> [Work instruction] With pictures excluded, copy word for word the lines in the data below from the line containing "Immagine in bianco" through the line containing "Free Image of Burned Tree".

> [Data shown]
++++++++

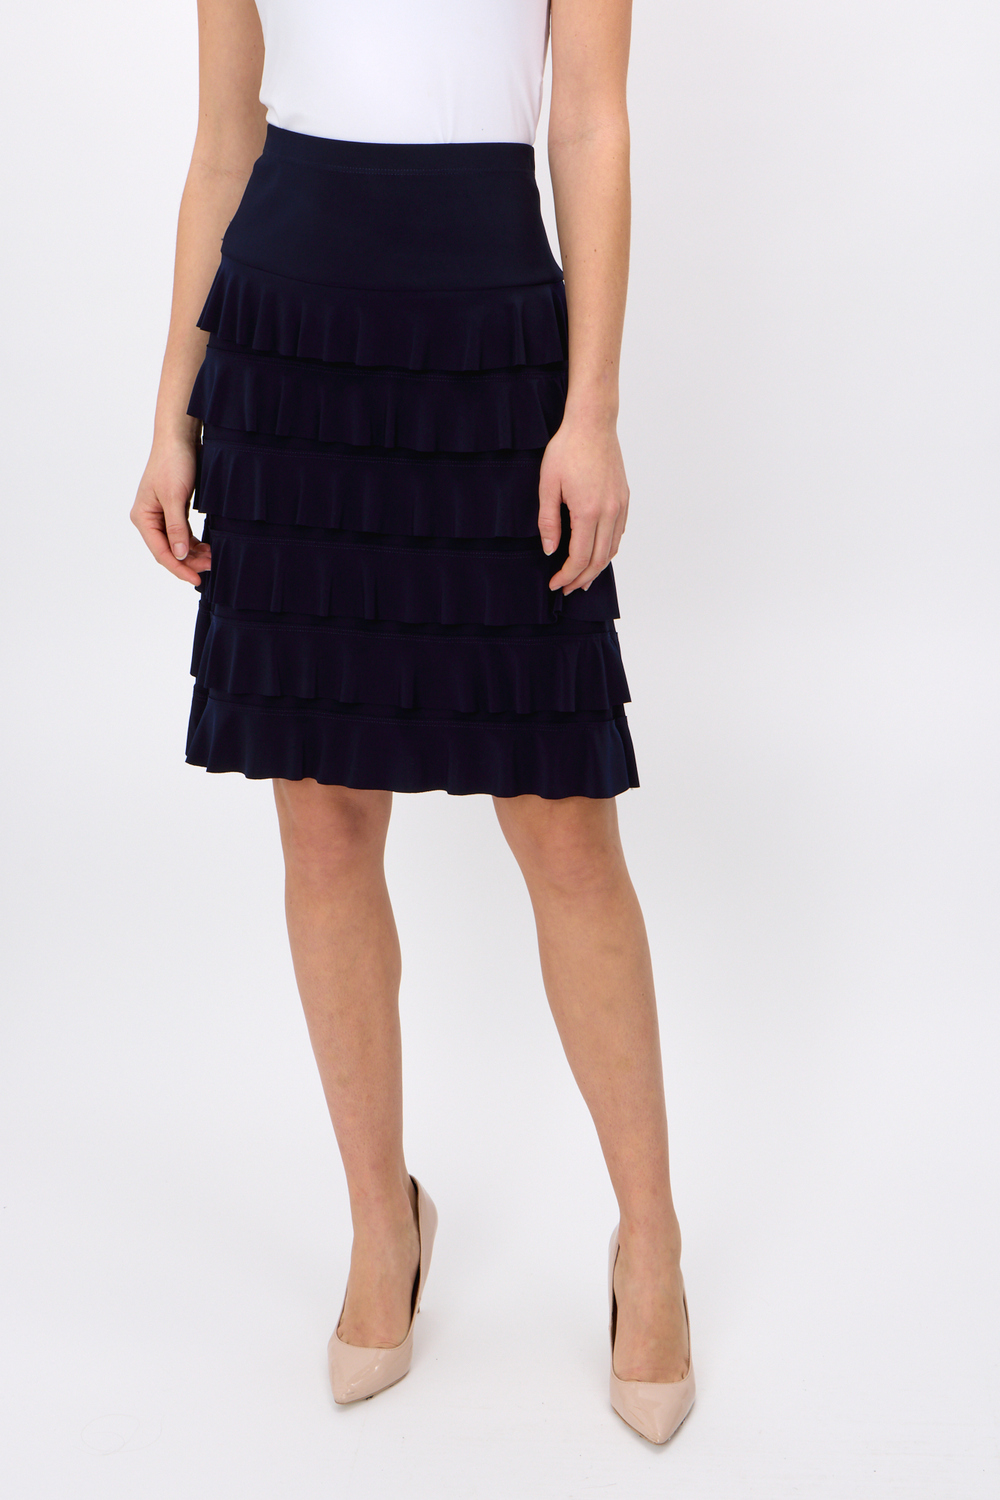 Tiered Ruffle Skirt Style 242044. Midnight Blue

++++++++

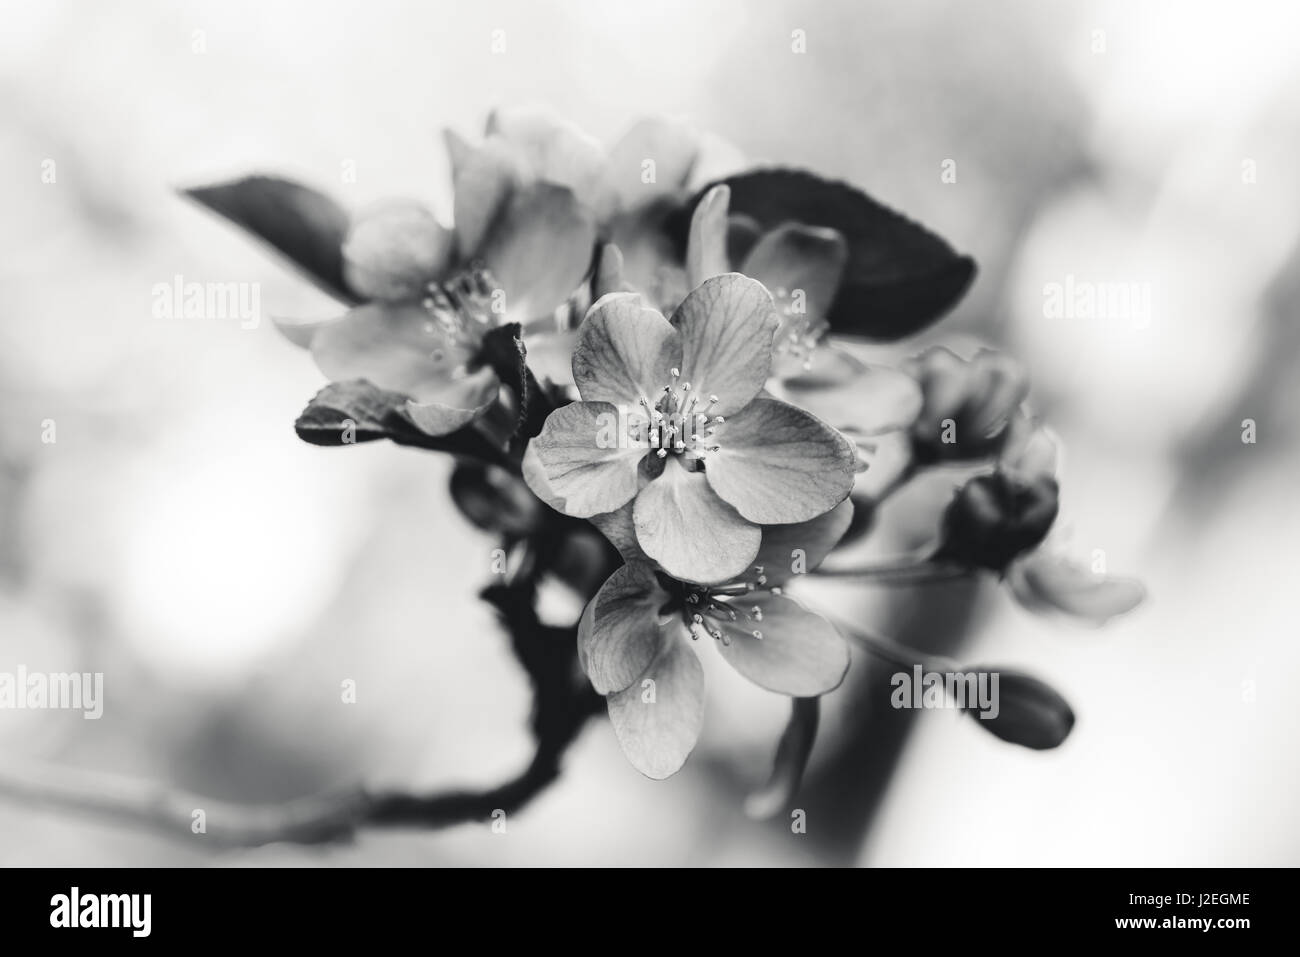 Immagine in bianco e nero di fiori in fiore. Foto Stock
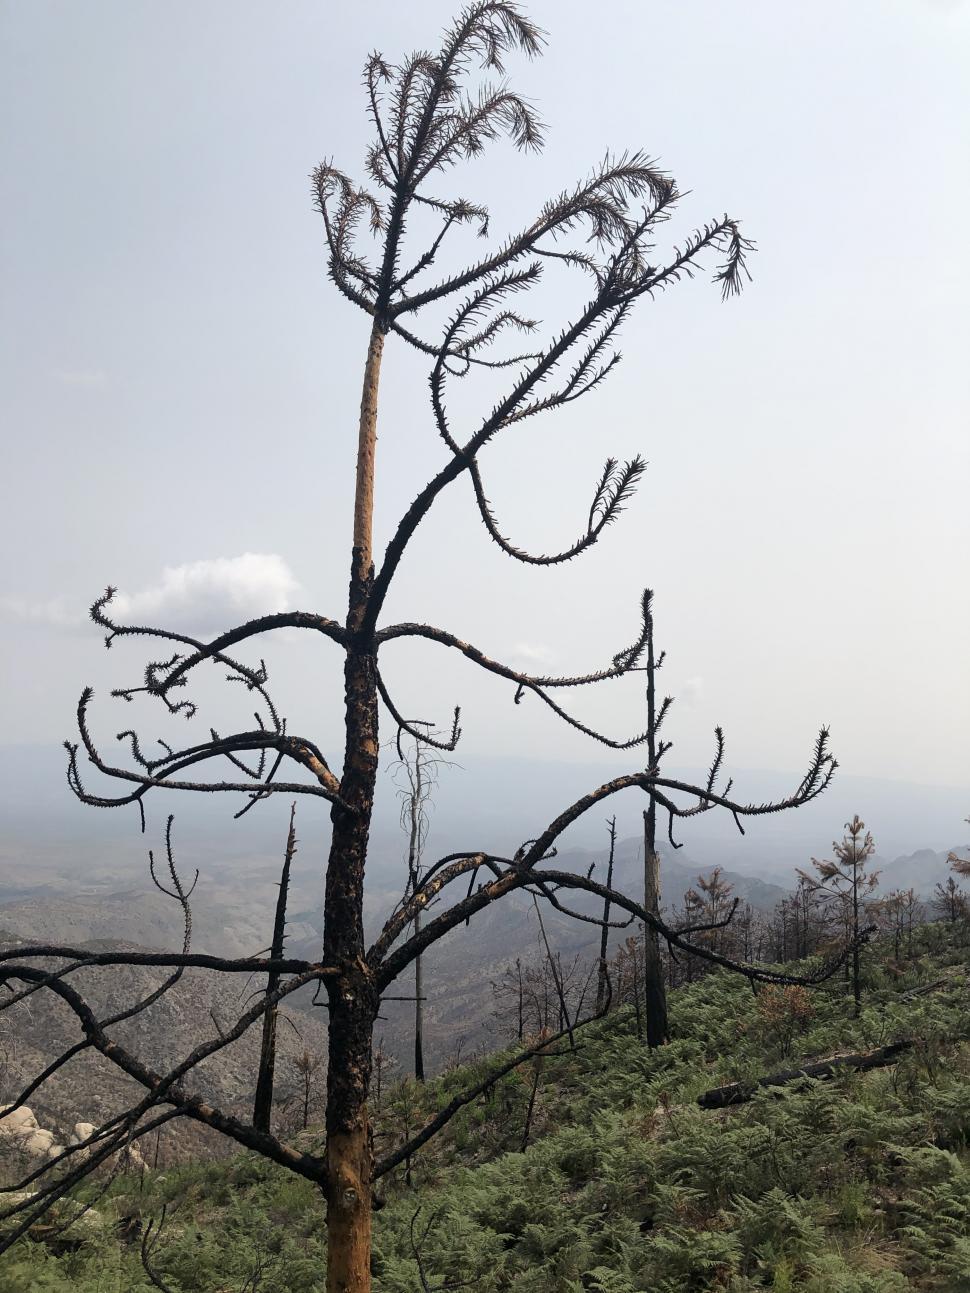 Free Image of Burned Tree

++++++++

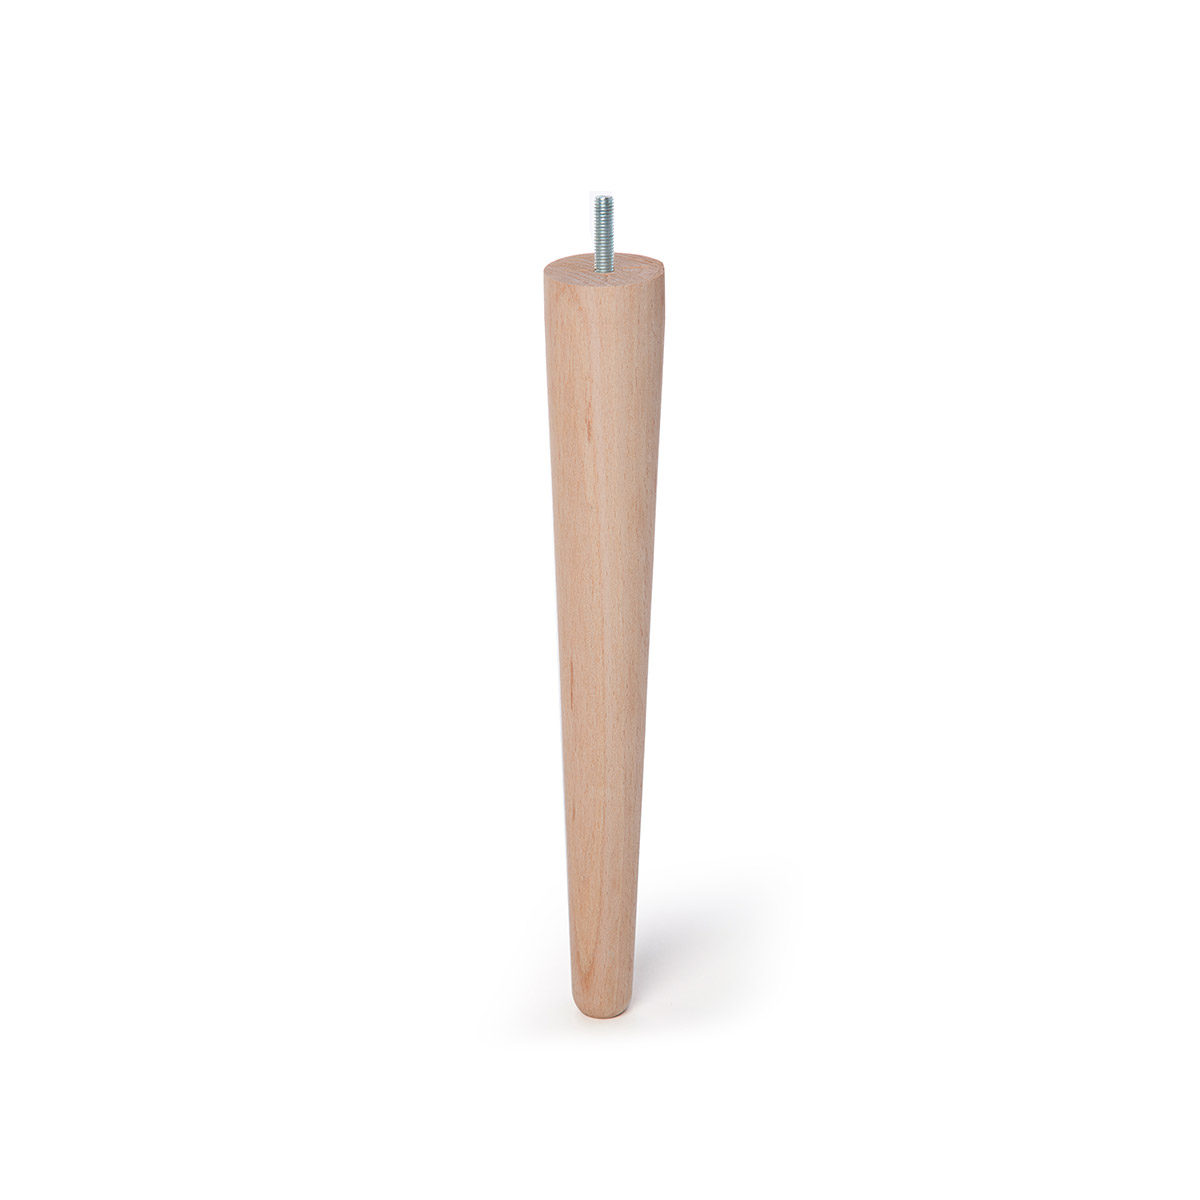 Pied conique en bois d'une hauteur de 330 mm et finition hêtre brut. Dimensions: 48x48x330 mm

++++++++

> [Task solution]
 Immagine in bianco e nero di fiori in fiore. Foto Stock
 Free Image of Burned Tree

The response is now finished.